What is required | Below is a listing; write it out exactly and drop any images from it.

Supplied information |

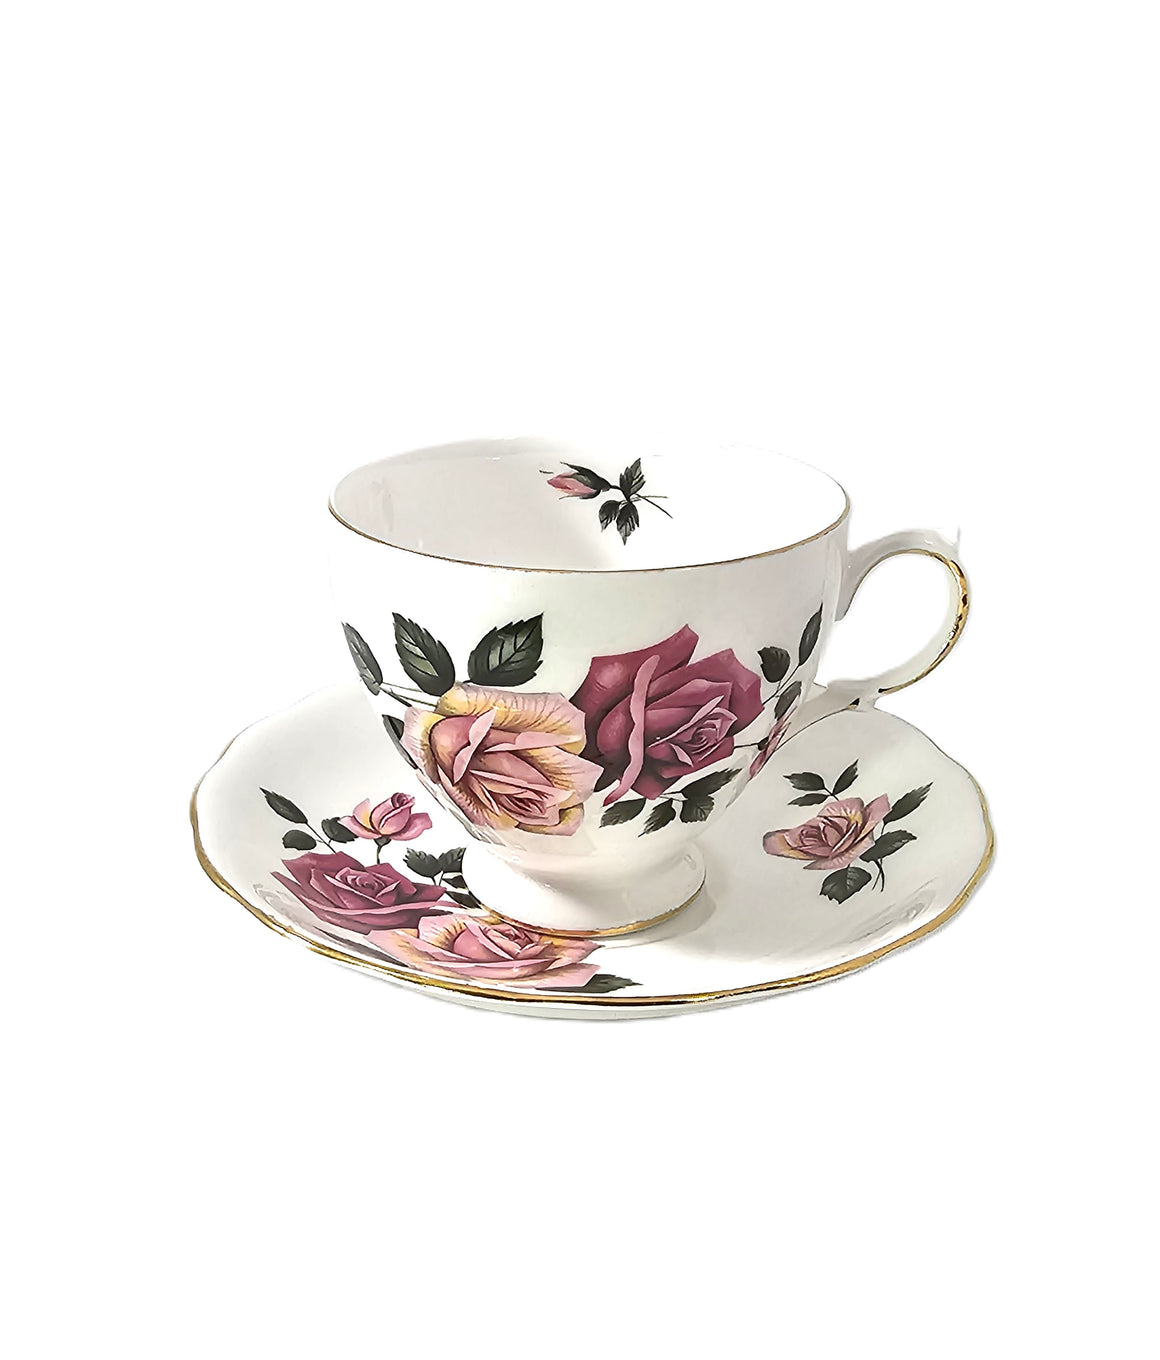 Royal Vale Porcelain Cup & Saucer Set Pattern 8329 Pink Roses
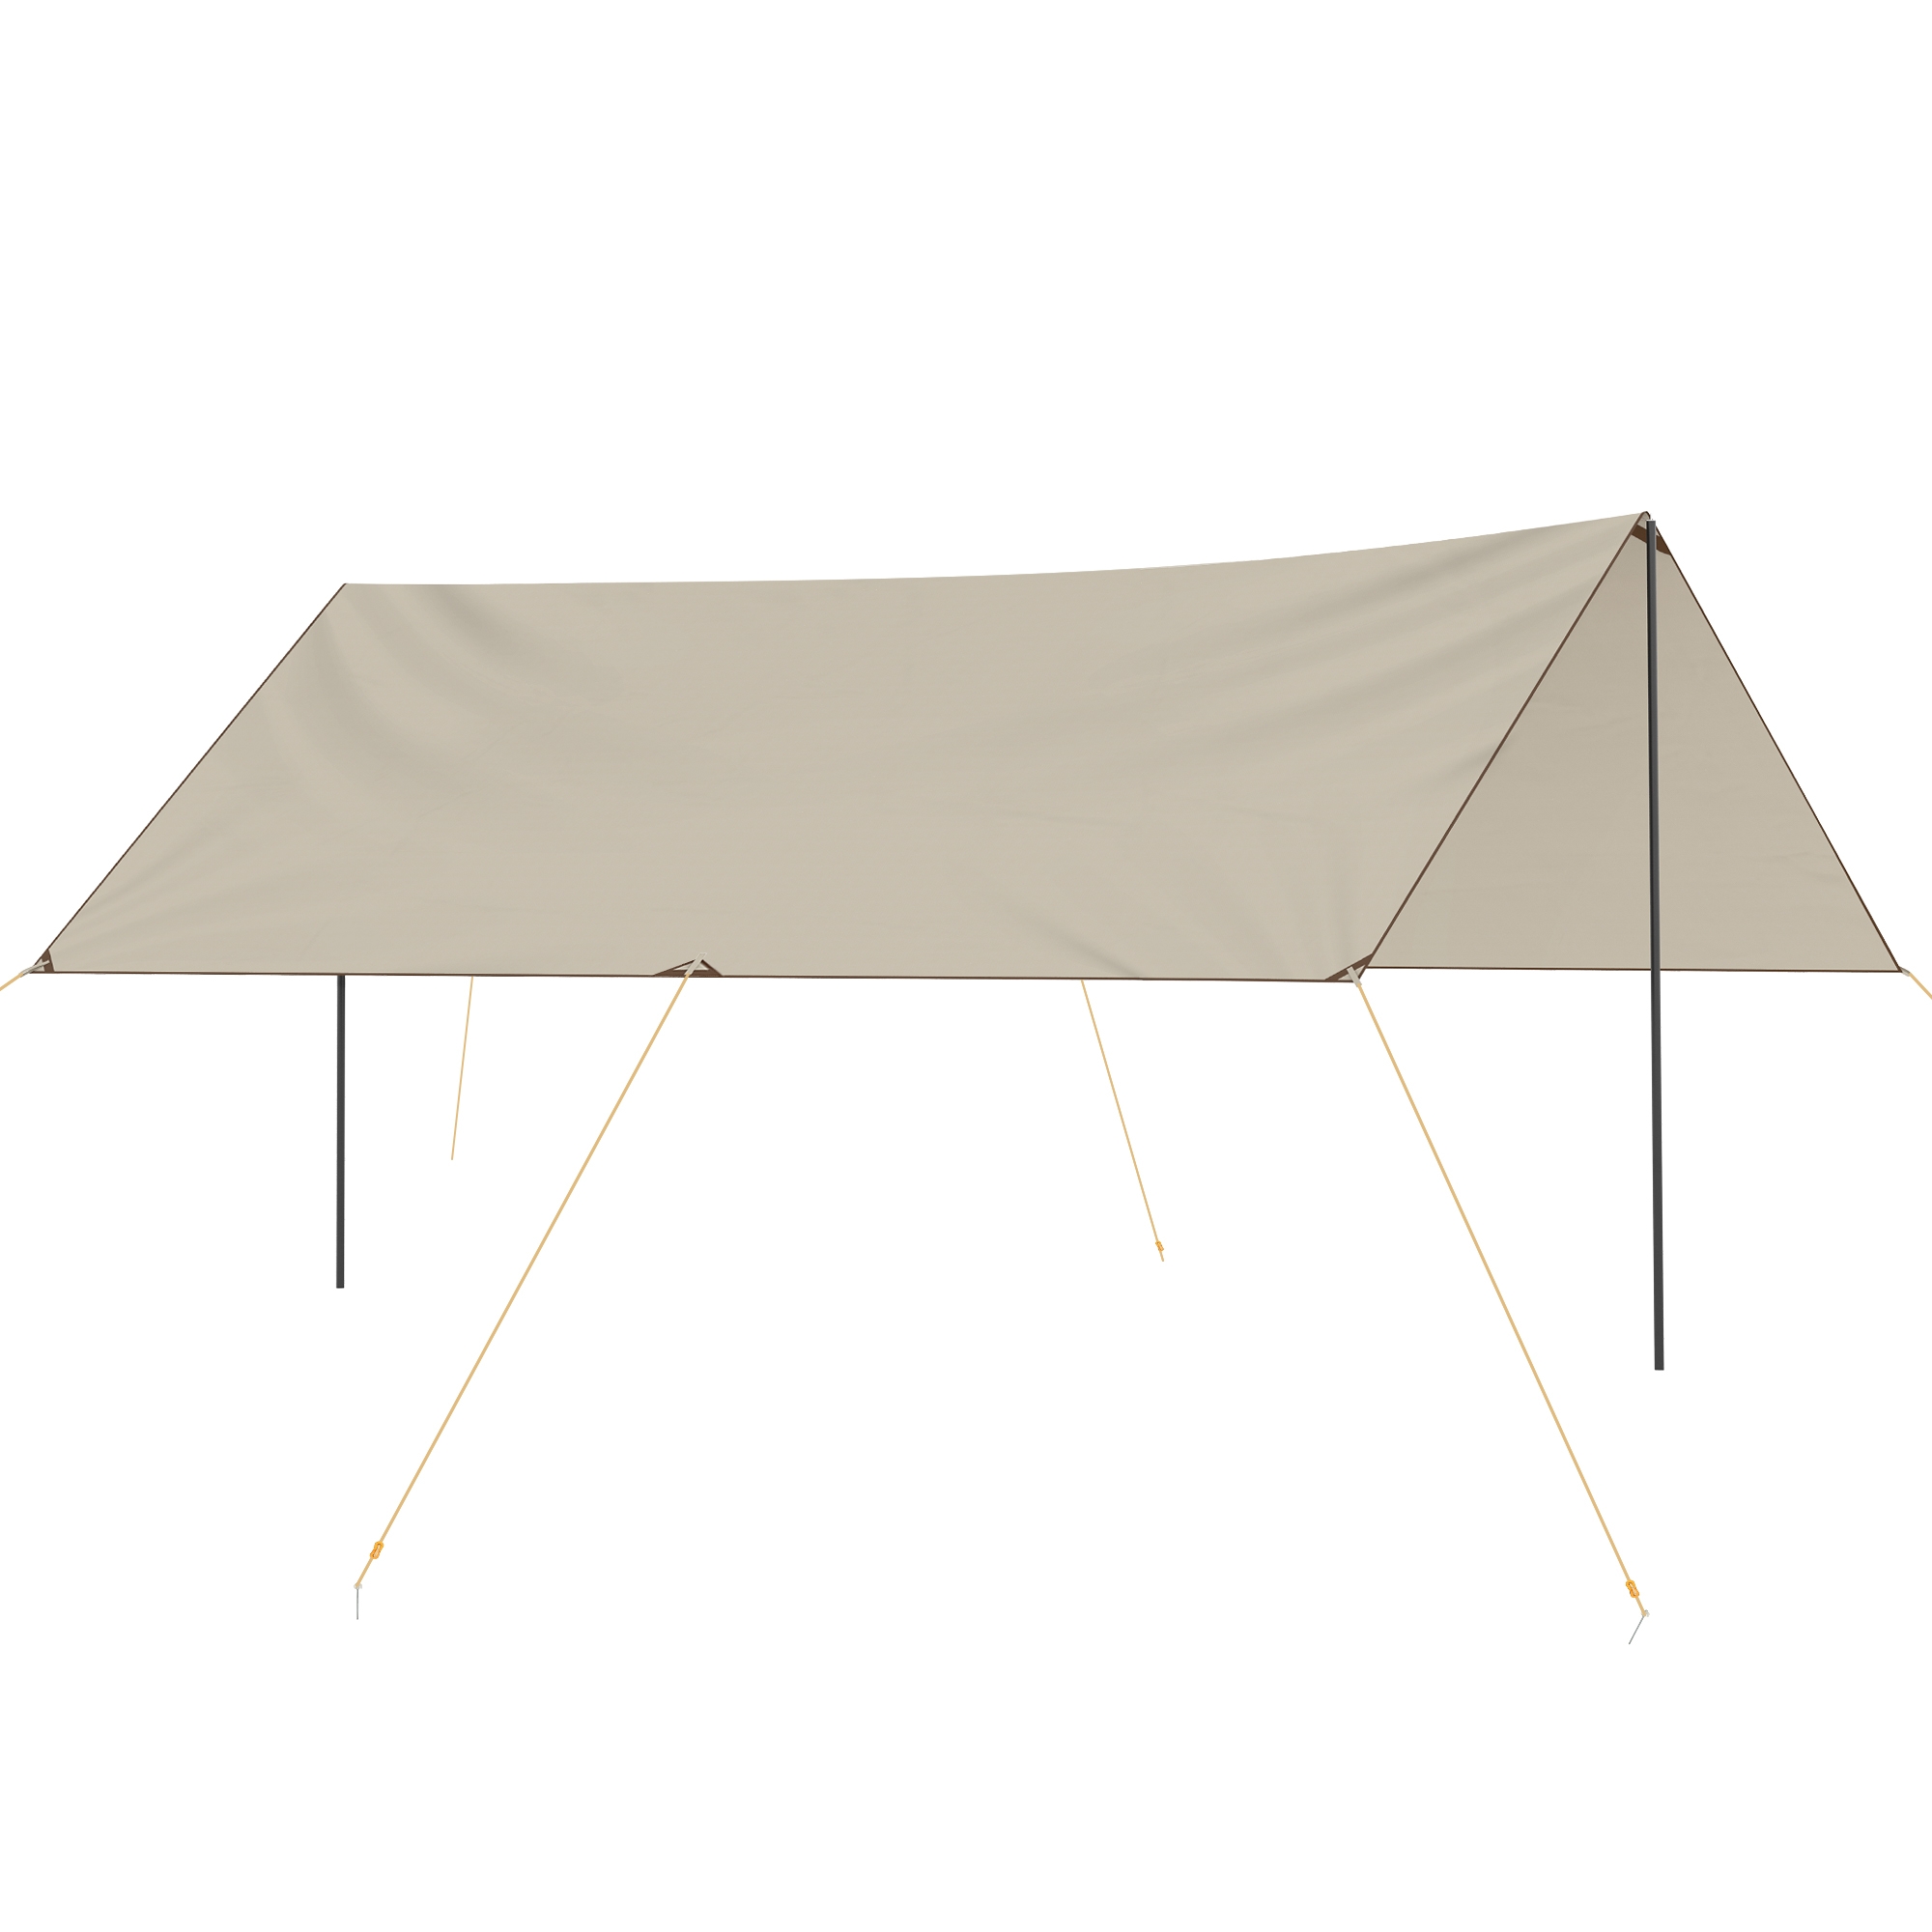 Outsunny Tenda Parasole Da Campeggio In Tessuto Oxford Colore Cachi
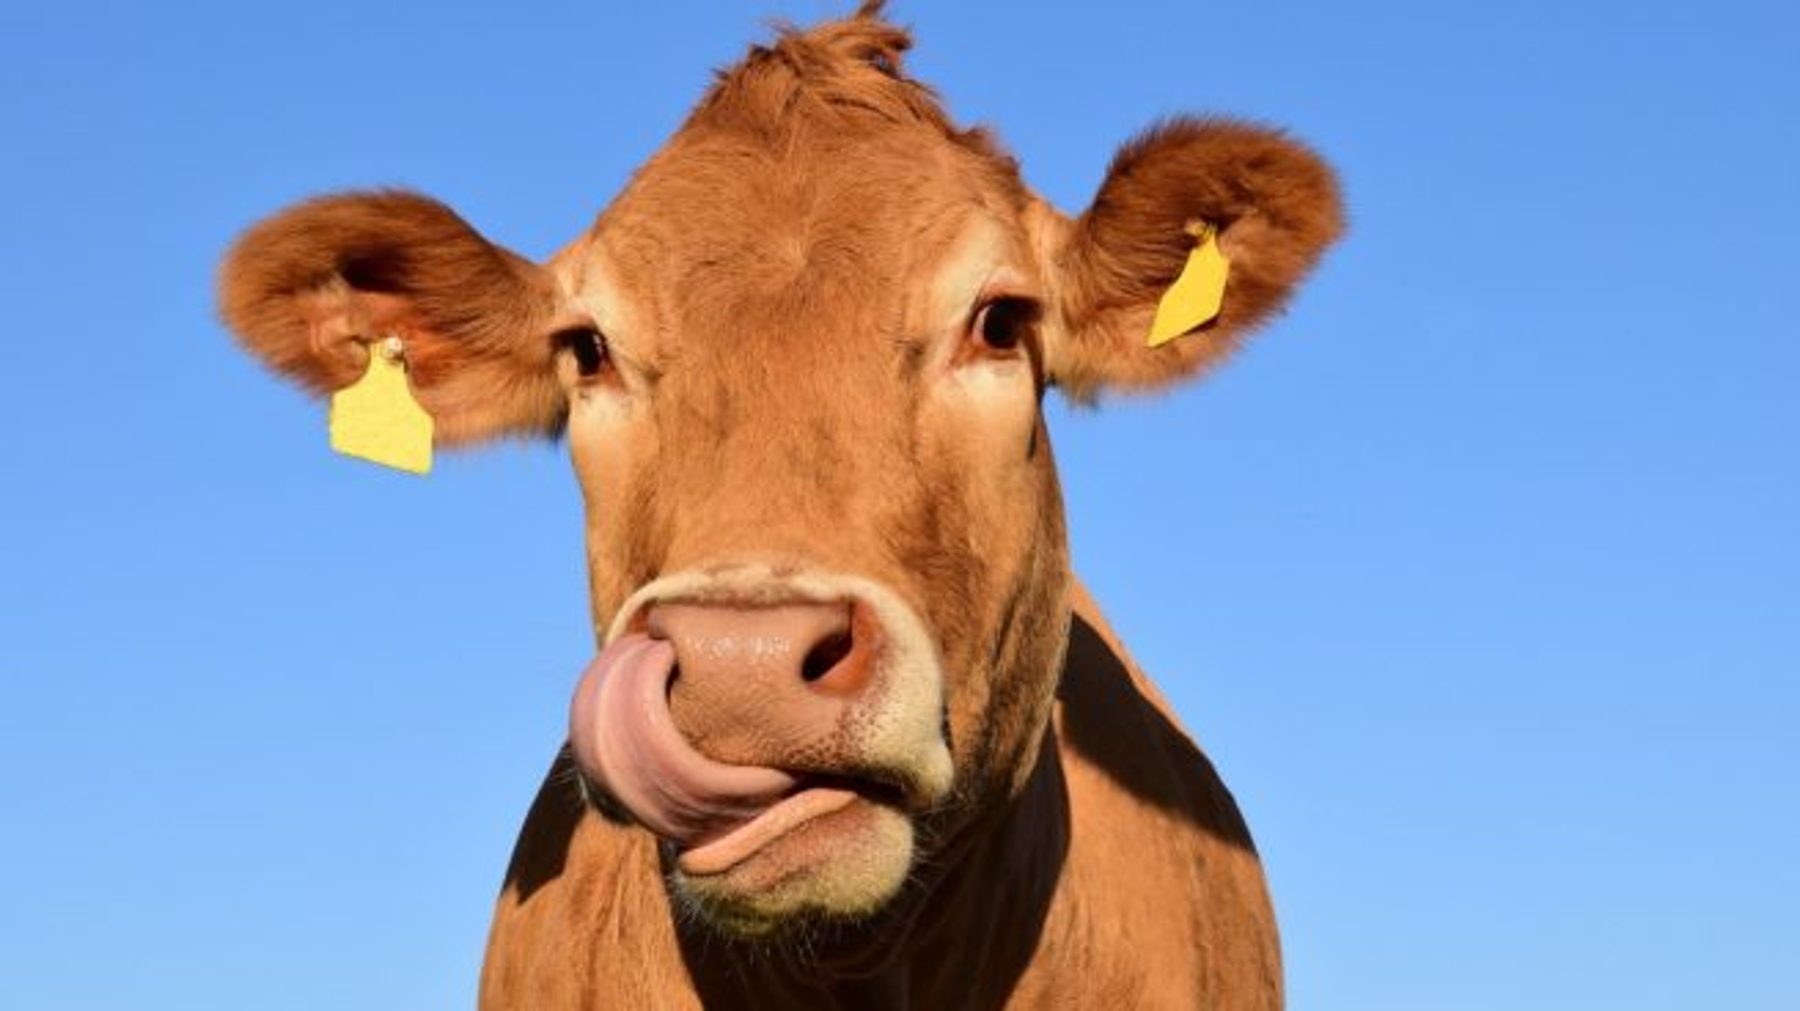 Concurso ‘La caca de la vaca’ en Bormujos: 750 € de premio y el excremento del animal como protagonista.

Solved exercise |
 Royal Vale Porcelain Cup & Saucer Set Pattern 8329 Pink Roses
 Outsunny Tenda Parasole Da Campeggio In Tessuto Oxford Colore Cachi
 Concurso ‘La caca de la vaca’ en Bormujos: 750 € de premio y el excremento del animal como protagonista.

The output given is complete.